Among the 32 countries, Germany leads with 21 students, followed by 12 from South Korea, nine from Thailand, eight from China, eight from Turkey and seven from Qatar, according to the domicile list.
There are also several students who came from countries that CSU-Pueblo has not hosted in the last six years, according to the domicile list. These countries are Australia, Guam, Nicaragua, Slovenia, United Kingdom and Zimbabwe.
International students bring in other cultures and perspectives and it is very healthy to the domestic population, said Joseph Marshall, assistant vice president for enrollment management.
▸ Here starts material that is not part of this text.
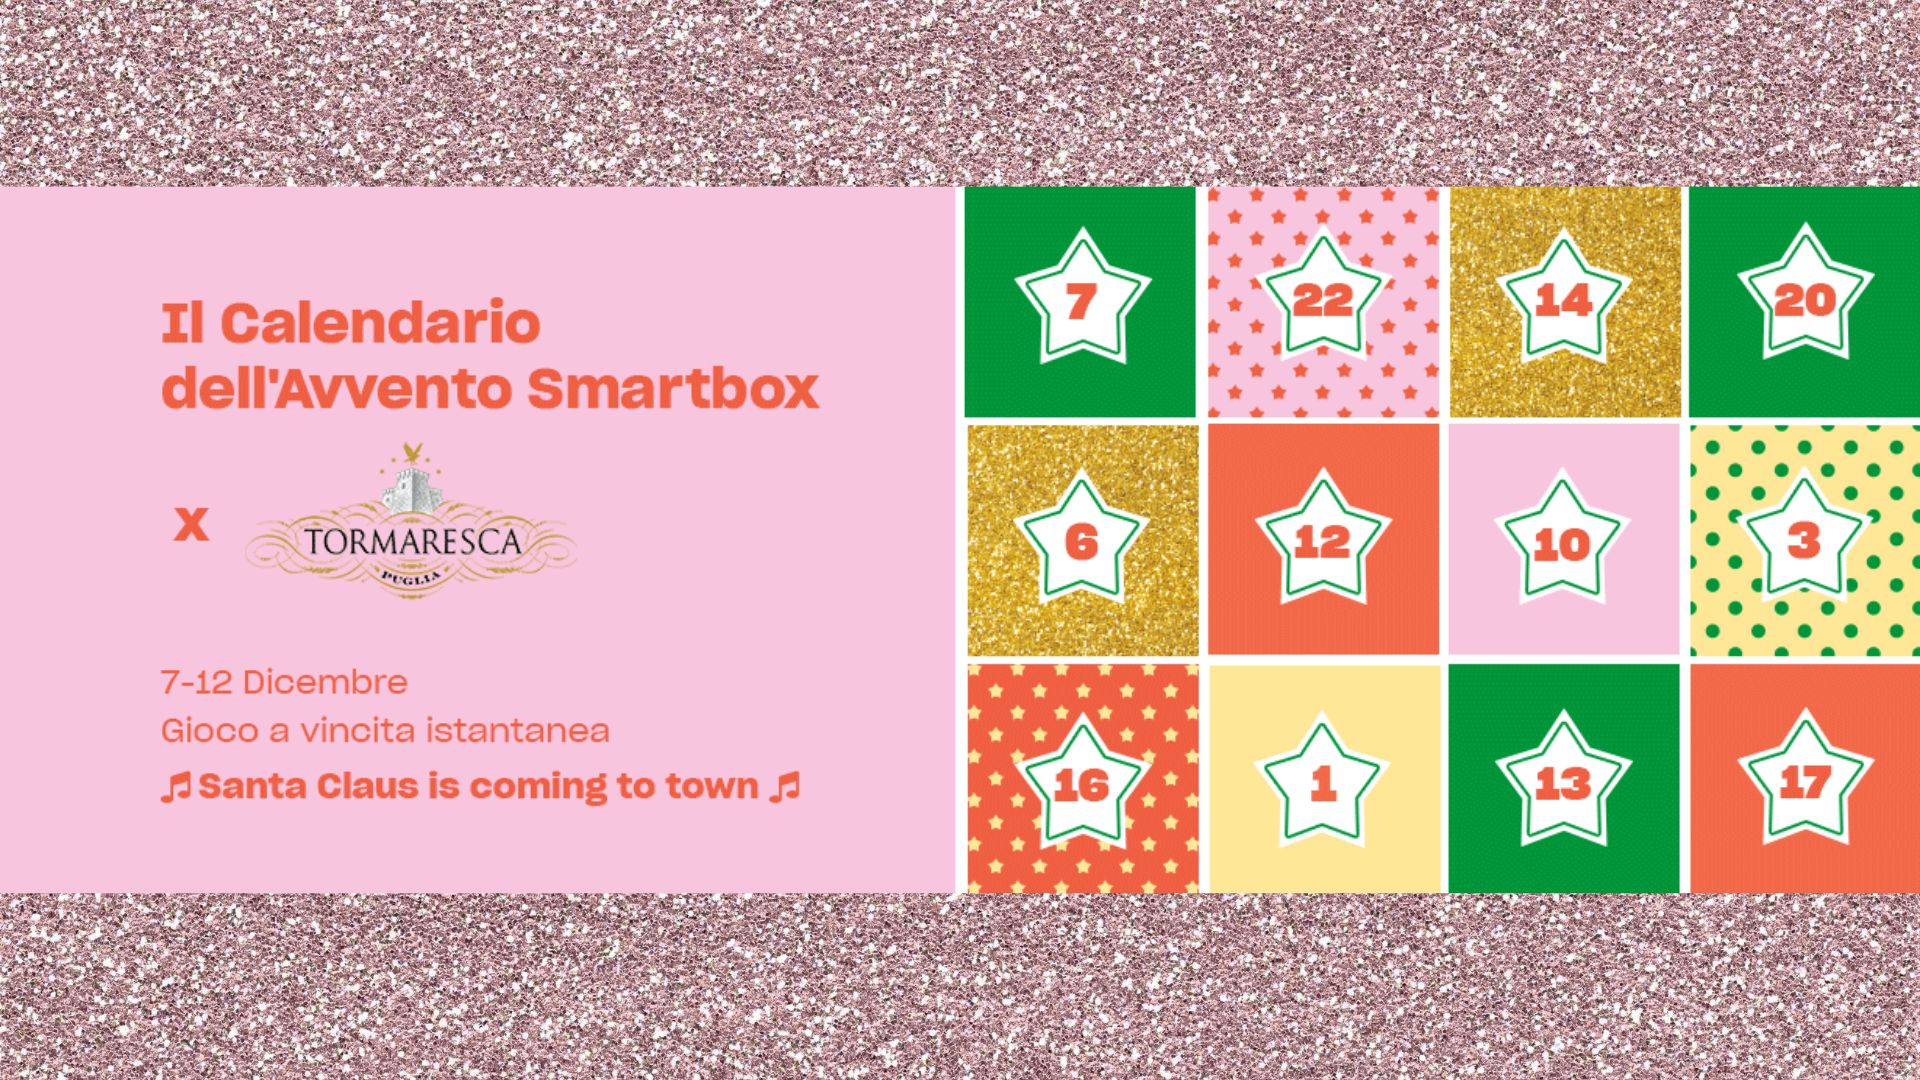 Smartbox concorso calendario dell'avvento

It also helps local economy when international students spend money, bringing in business opportunities, he said.
“A growing number of faculty are becoming involved with international students, and are engaged in making international students feel welcomed,” Marshall said.
The university established the CIP to provide services particularly to international students and promote international education on campus.
Seongho Kim, an exchange student from Kangwon National University, in South Korea, thinks the staff members from CIP have helped him a lot since he came here, he said. He had never experienced an orientation as big as at CSU-Pueblo, in which a lot of essential information was given to assist student’s staying in the U.S., Kim said.
Kim is one of the two Korean students who came here this fall after the exchange program between CSU-Pueblo and his Korean university was established last year. He chose to study here because he had been impressed by the Rocky Mountains since he was young, Kim said, and because of the low crime rate in Pueblo.
Although still experiencing some culture shocks, Kim felt very welcomed and thinks everyone is treated equal at CSU-Pueblo, he said.
The university has worked to build up exchange agreements with several universities from countries including Germany, Italy, Korea and Thailand, according to CSU-Pueblo’s website. Each year, these universities send out several students to study in Pueblo, and CSU-Pueblo sends students to their countries.
Other than exchange programs, many international students found CSU-Pueblo by word-of-mouth.
Ali Almousawi, a freshman from Qatar majoring in civil engineering technology, came this fall with his sister and five other friends from his country.
Almousawi decided to come here because his brother used to study in the U.S. and had told him about Pueblo, he said. He then suggested to his other friends to come here together.
He started traveling with his parents in different countries at a very young age and was able to learn to appreciate other cultures, he said, and although many people at CSU-Pueblo haven’t heard about his country, he is willing to share aspects of his culture with them, he said.